SpaceX’s post-IPO quiet period ended, enabling new sell-side equity research; most coverage is bullish, with Raymond James initiating at an $800 price target—~425% upside from current levels. The bull case requires Starship commercial maturity plus >99% delivery cost cuts and ~10x payload improvements, with AI-compute capacity deals (Google Cloud, Anthropic, Reflection AI) supporting a recurring revenue narrative. However, the target assumes flawless execution and frequent-launch approvals, making near-term cash-flow and execution risk material if any milestones slip.

Analysis

Fresh coverage changes the investor base more than the business model. The immediate winners are the compute and connectivity enablers: NVDA benefits if SpaceX really needs large GPU clusters, while GOOGL benefits indirectly from validating outsourced, specialized cloud capacity demand. The first-order loser set is legacy wireless and rural broadband economics; the second-order effect is that incumbents can tolerate Starlink as a niche product until it starts taking the lowest-margin, most price-sensitive subscribers, at which point churn and promo intensity could rise faster than reported subscriber losses imply.

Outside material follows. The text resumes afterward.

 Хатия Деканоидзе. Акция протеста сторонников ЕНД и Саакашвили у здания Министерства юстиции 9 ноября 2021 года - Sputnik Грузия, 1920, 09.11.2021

The market should focus on what has to be true over the next 1-3 months, not the long-dated TAM story. The stock will likely trade on milestone cadence — launch frequency, regulatory approvals, and evidence that the AI/data-center contracts translate into durable backlog and margin, not just headline revenue. Any slippage in Starship or launch licensing would hit the multiple quickly because the current setup already discounts a near-perfect execution path; the thesis breaks if capital intensity rises faster than disclosed recurring revenue. Contrarian view: consensus is treating strategic relevance as if it were already bankable free cash flow. That usually overpays for optionality and underprices operational bottlenecks, especially for a business that still depends on concentrated leadership and heavy capex. In our view, the cleaner expression is to own the suppliers and adjacent beneficiaries rather than chase full valuation exposure in SPCX until the company proves repeatable launch cadence and monetization discipline.